Available records.
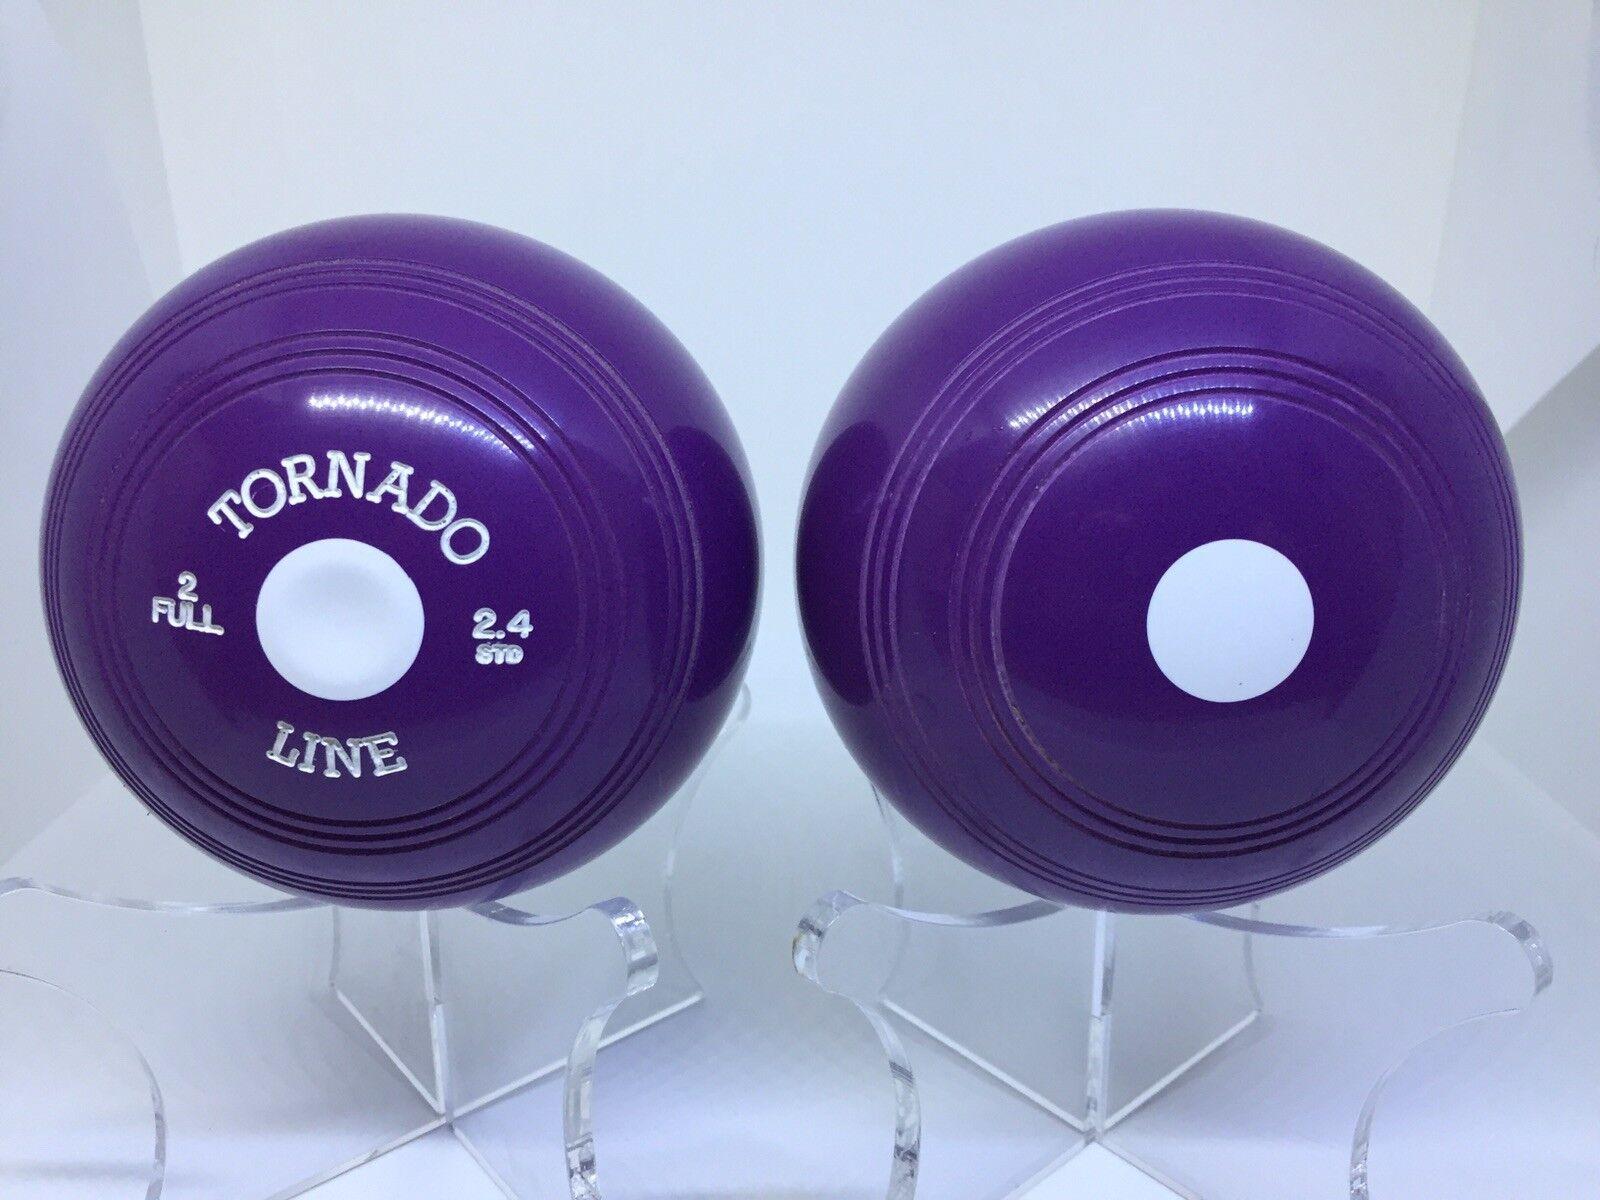 Tornado Line Crown Grün Bowls Lilac
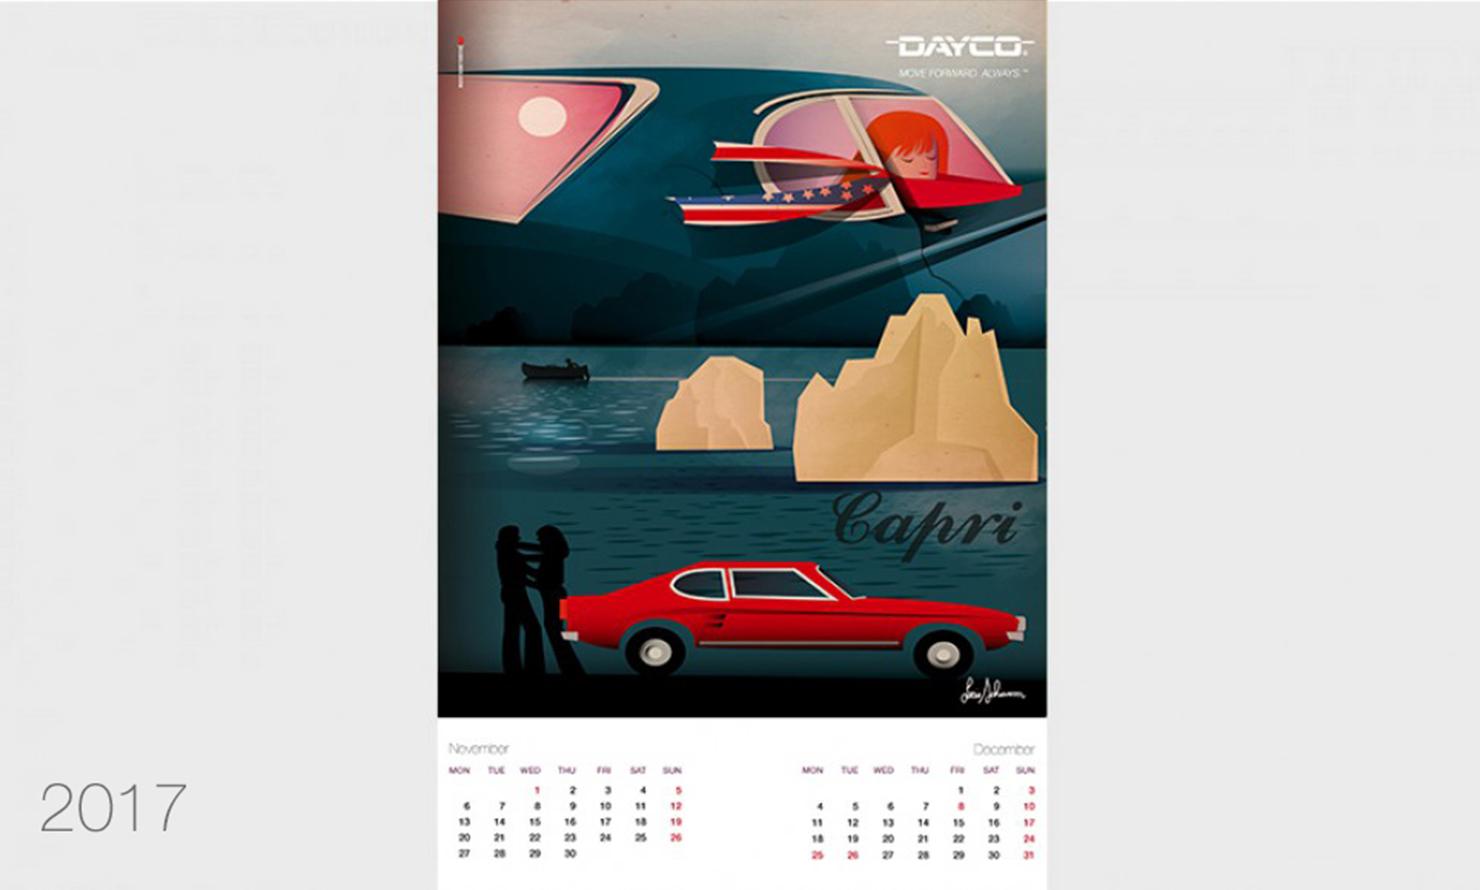 https://www.kubelibre.com/uploads/Slider-work-tutti-clienti/dayco-calendario-2017-6.jpg
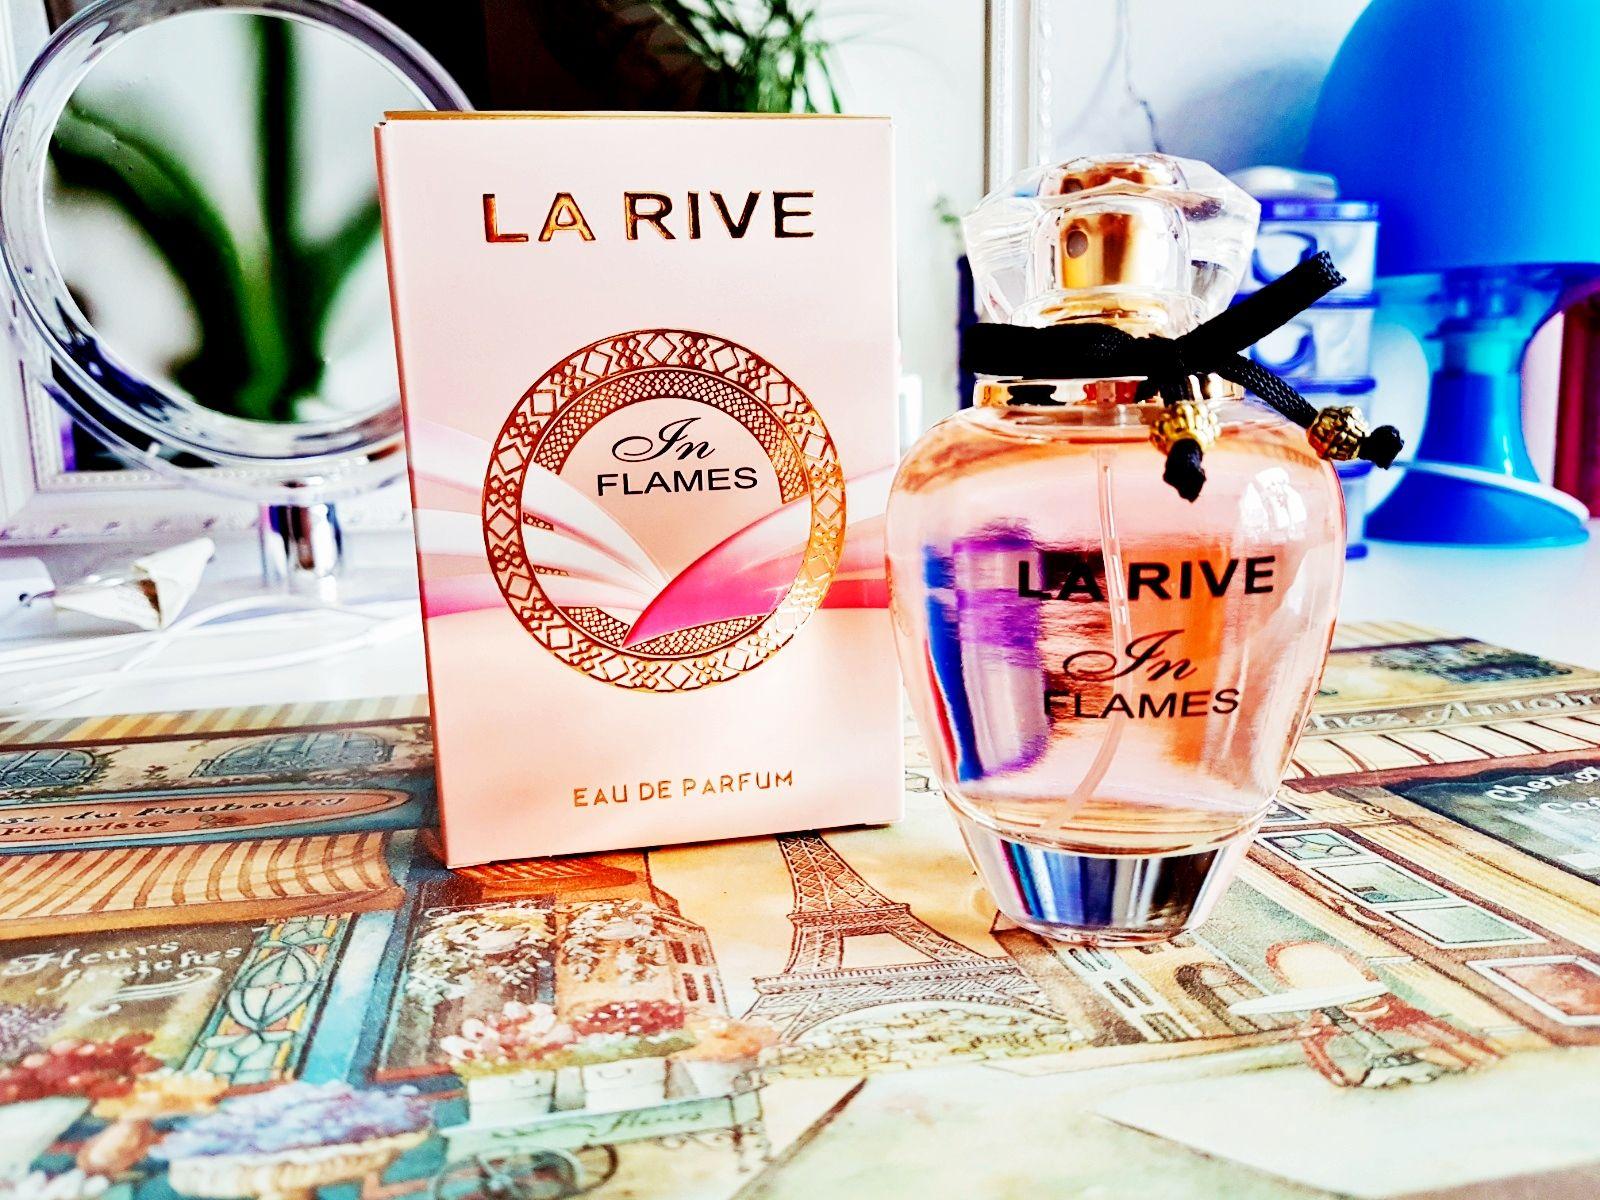 La Rive in Flames Parfum
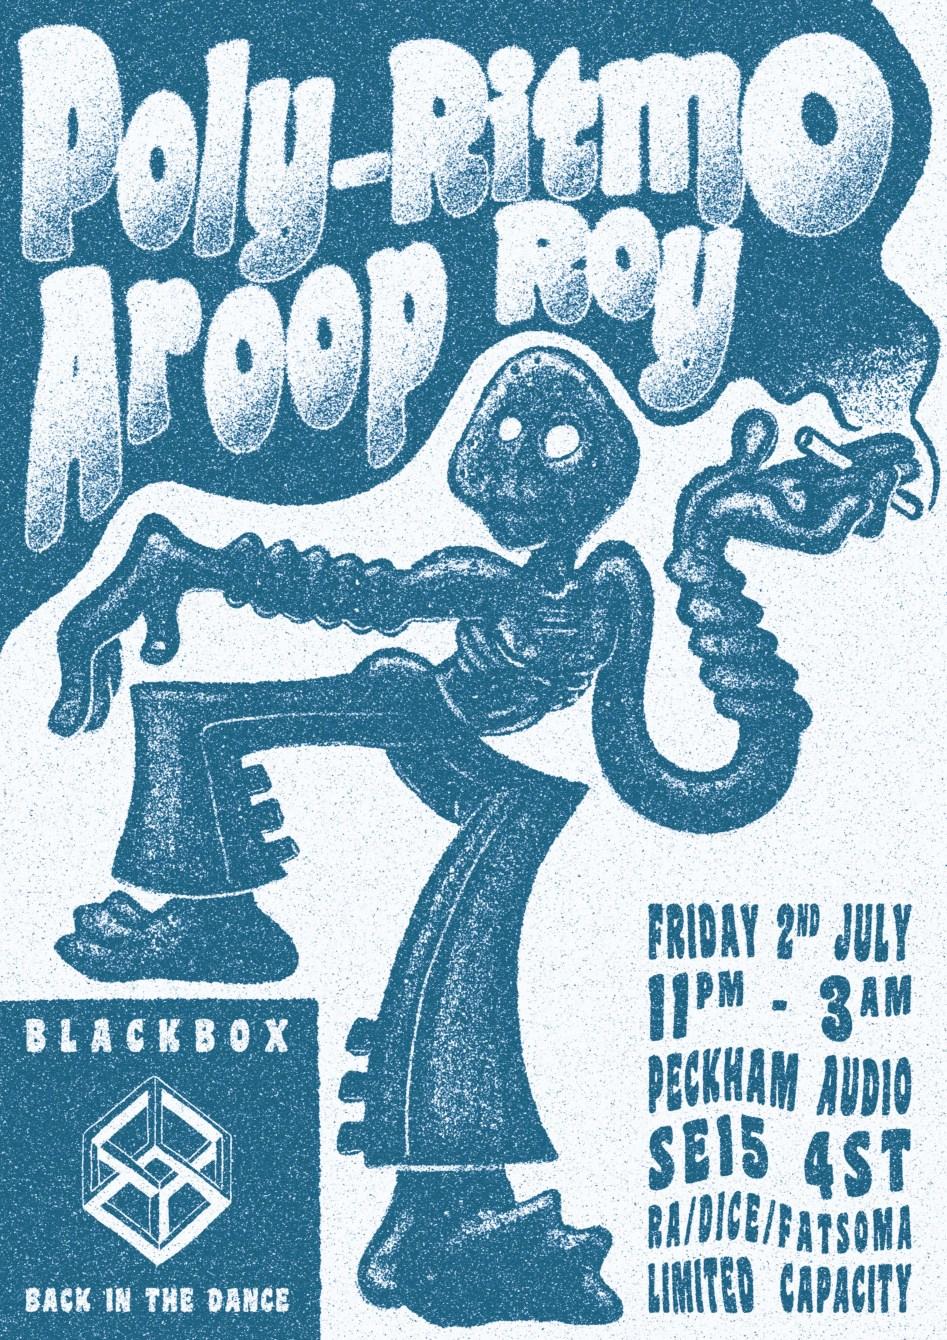 Blackbox Back in the Dance: Poly-Ritmo & Aroop Roy - Flyer back
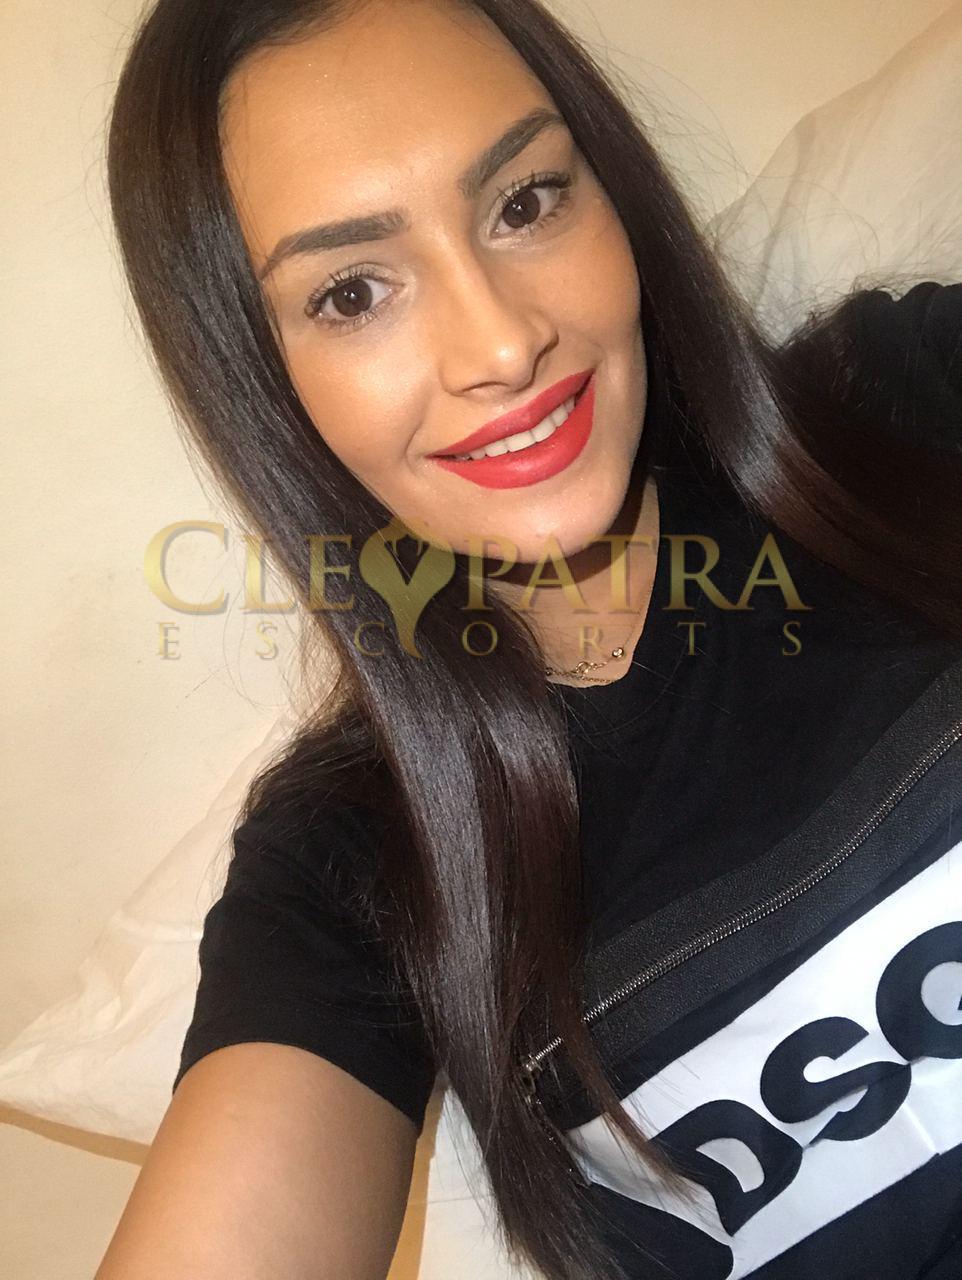 Alexandra from 24hr London Escorts

Exercise goal. The task calls for every record to be transcribed exactly, with no images included.

Result.
 Tornado Line Crown Grün Bowls Lilac
 https://www.kubelibre.com/uploads/Slider-work-tutti-clienti/dayco-calendario-2017-6.jpg
 La Rive in Flames Parfum
 Blackbox Back in the Dance: Poly-Ritmo & Aroop Roy - Flyer back
 Alexandra from 24hr London Escorts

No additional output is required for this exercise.